Accordingly, we will not receive any proceeds from the sale of the shares
offered hereby.

                             THE SELLING SHAREHOLDER

         This prospectus covers the resale of shares of our common stock,
42,896,000 shares of which may be contributed to the Honeywell International
Inc. Master Retirement Trust, from time to time and 2,104,000 shares of which
were purchased by the trust in the open market from September 21, 2001 through
November 12, 2001. To improve the funded status of our trust, we contributed
$100,000,000 in cash in the quarter ended September 30, 2002. We have been
authorized by our Board of Directors to make voluntary contributions of up
to an additional $900,000,000 of Honeywell common stock and cash to the trust.
We presently anticipate that a substantial portion of any such contributions
would consist of Honeywell common stock. The trust is a tax-qualified trust
which holds the assets for most of our defined benefit pension plans. We make
contributions to the trust from time to time in amounts that are not less than
the minimum amount required under, or more than the maximum deductible amount
permitted by, Section 412 of the Internal Revenue Code.

         The shares are held in the custody of The Northern Trust Company,
50 South LaSalle Street, Chicago, IL 60675, as the trustee for the trust.
Honeywell currently has on-going banking relationships with Northern Trust in
the ordinary course of business and expects to continue to have similar
relationships in the future. The shares will be held in a separate investment
account at Northern Trust. An independent, third party investment fiduciary
will be appointed by Honeywell to instruct Northern Trust as to any disposition
of the shares. The investment fiduciary will have sole authority to manage
the shares, subject to general investment criteria established with Honeywell,
and the sole power to vote and to dispose of the shares.

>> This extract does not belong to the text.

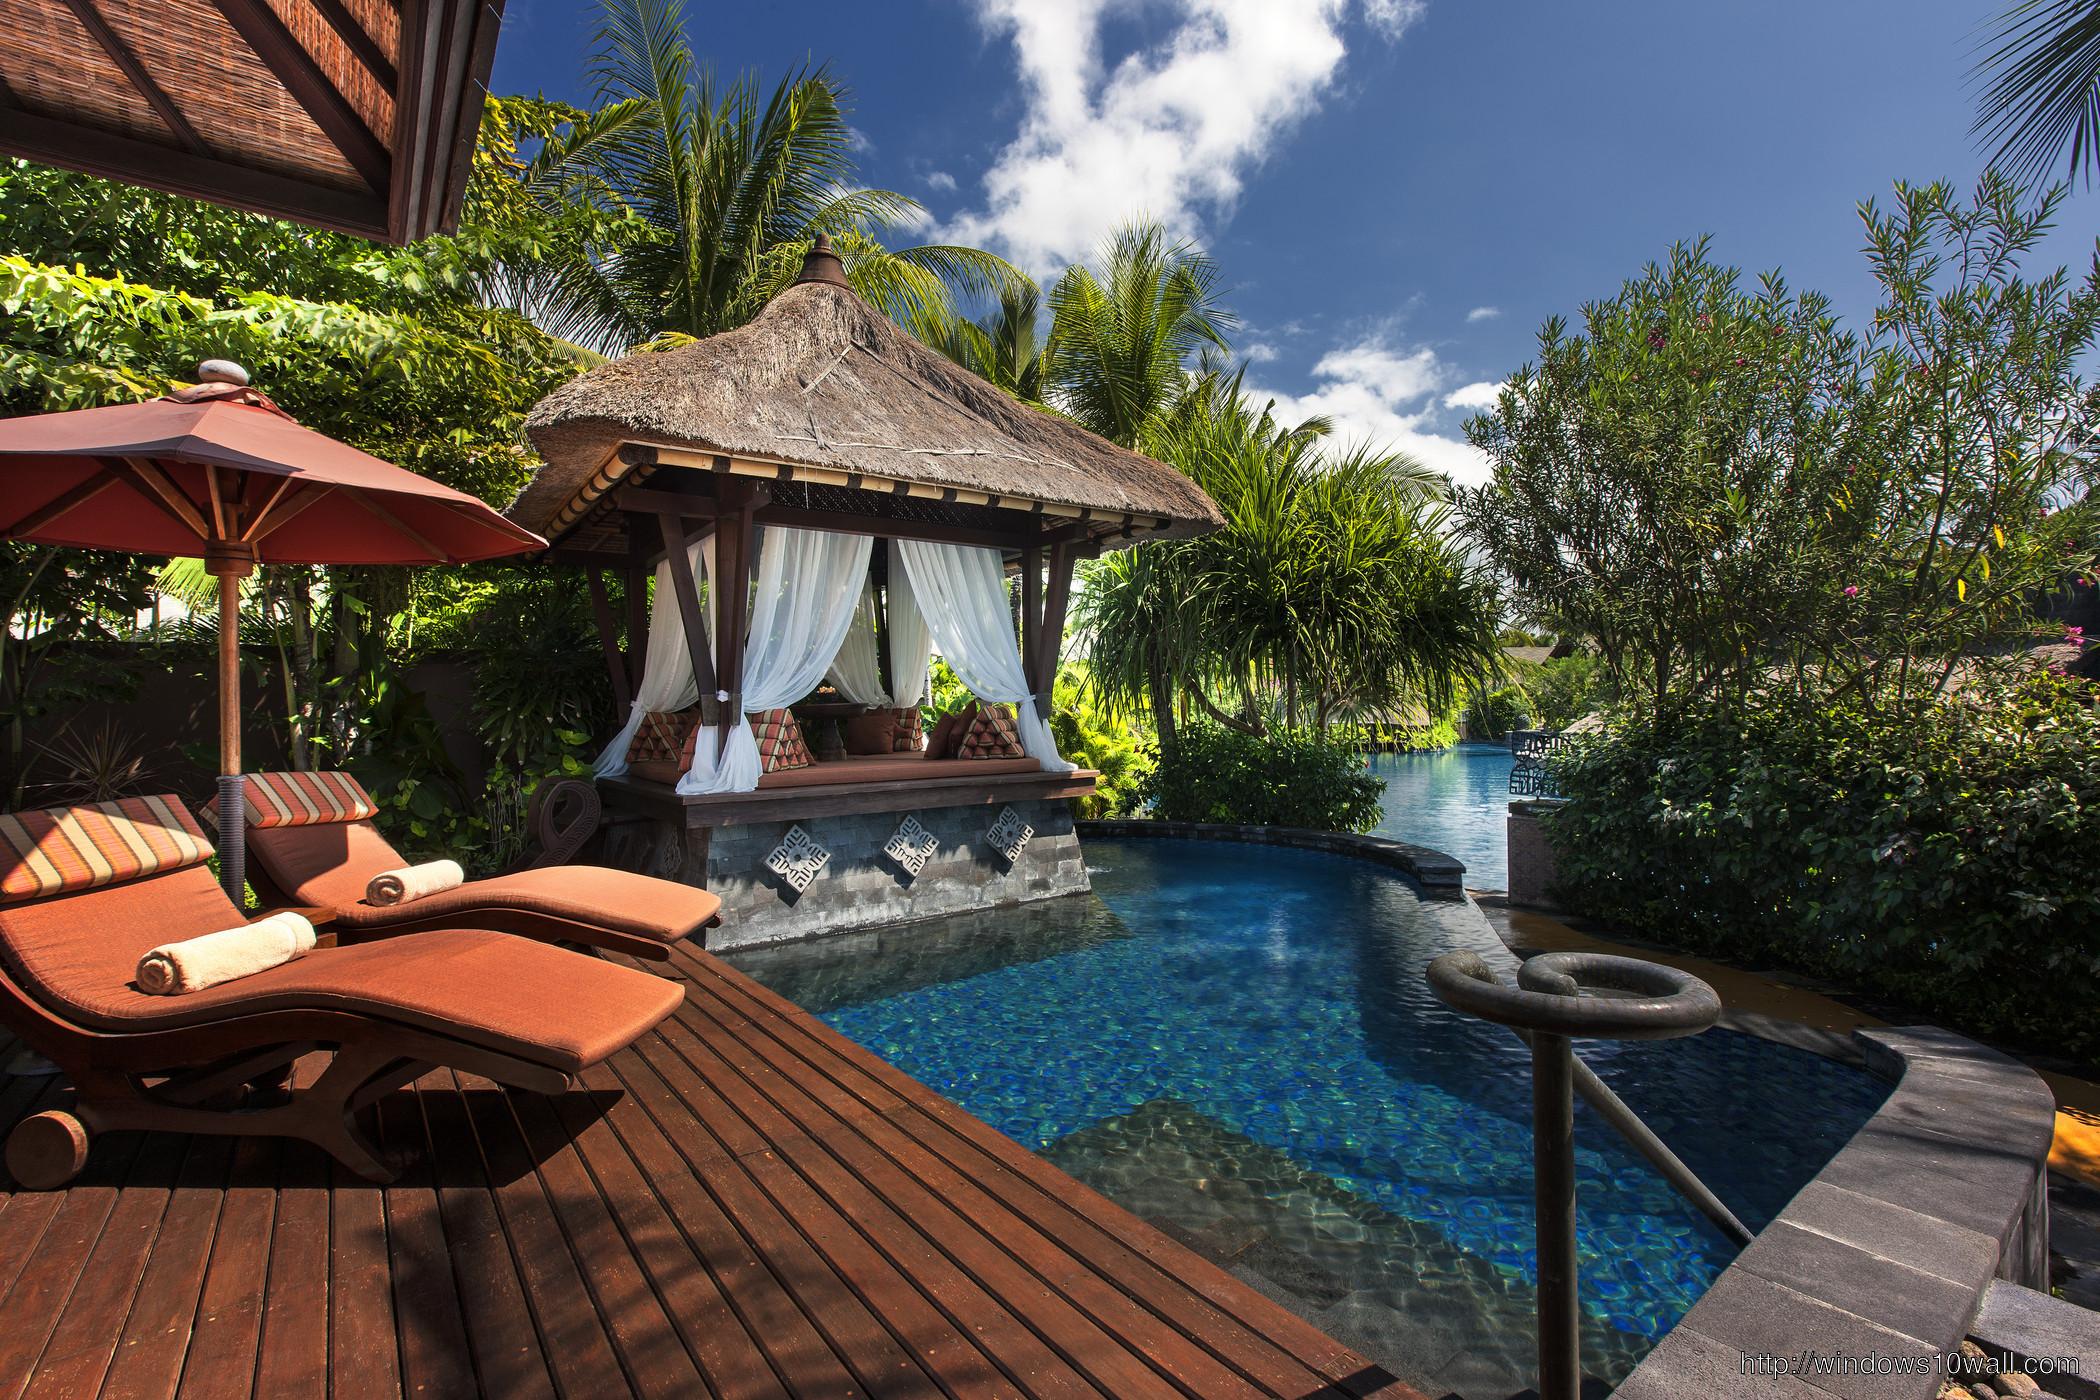 Bali Resorts Rooms Travel Wallpaper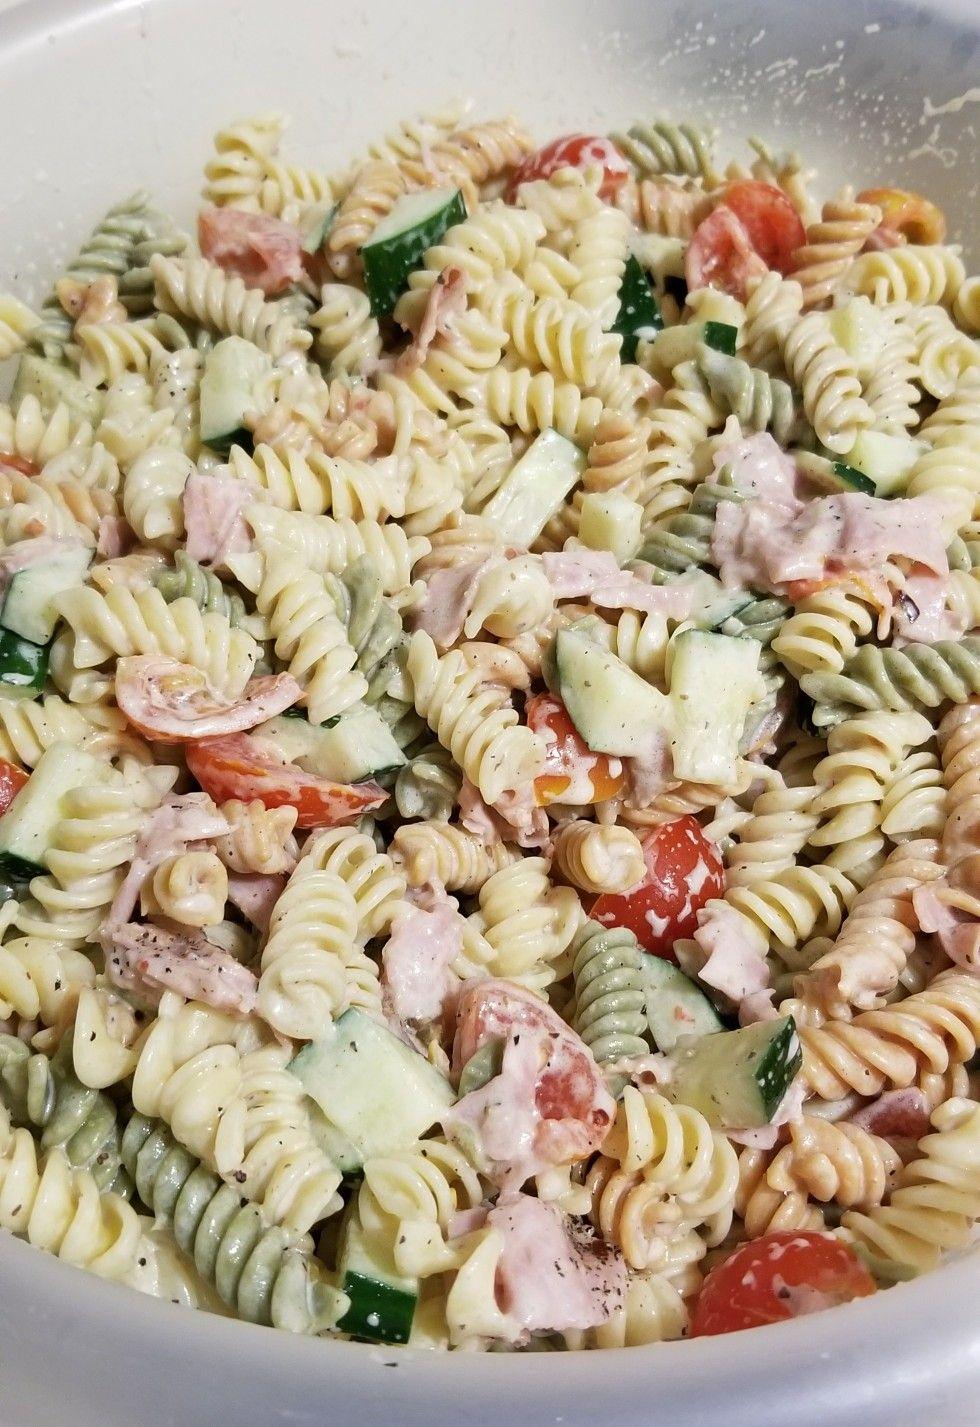 Pasta Salad Pasta Tomatoes Cucumbers Ham Pepper And Ranch Italian Dressing Pasta Salad Pasta Salad Recipes Easy Pasta Salad Recipe

                                       6







         In addition to the shares offered by this prospectus, as of October 31,
2002, the trust owned 194,700 shares of Honeywell common stock managed
externally by various investment advisers. The shares offered by this prospectus
and the 194,700 shares managed externally by investment advisers for the trust
are the only shares of our common stock owned by the trust.


                              PLAN OF DISTRIBUTION

         The trust may sell all or a portion of the shares offered hereby either
(1) on the markets in which our common stock is traded or (2) through
underwriters or in privately negotiated transactions.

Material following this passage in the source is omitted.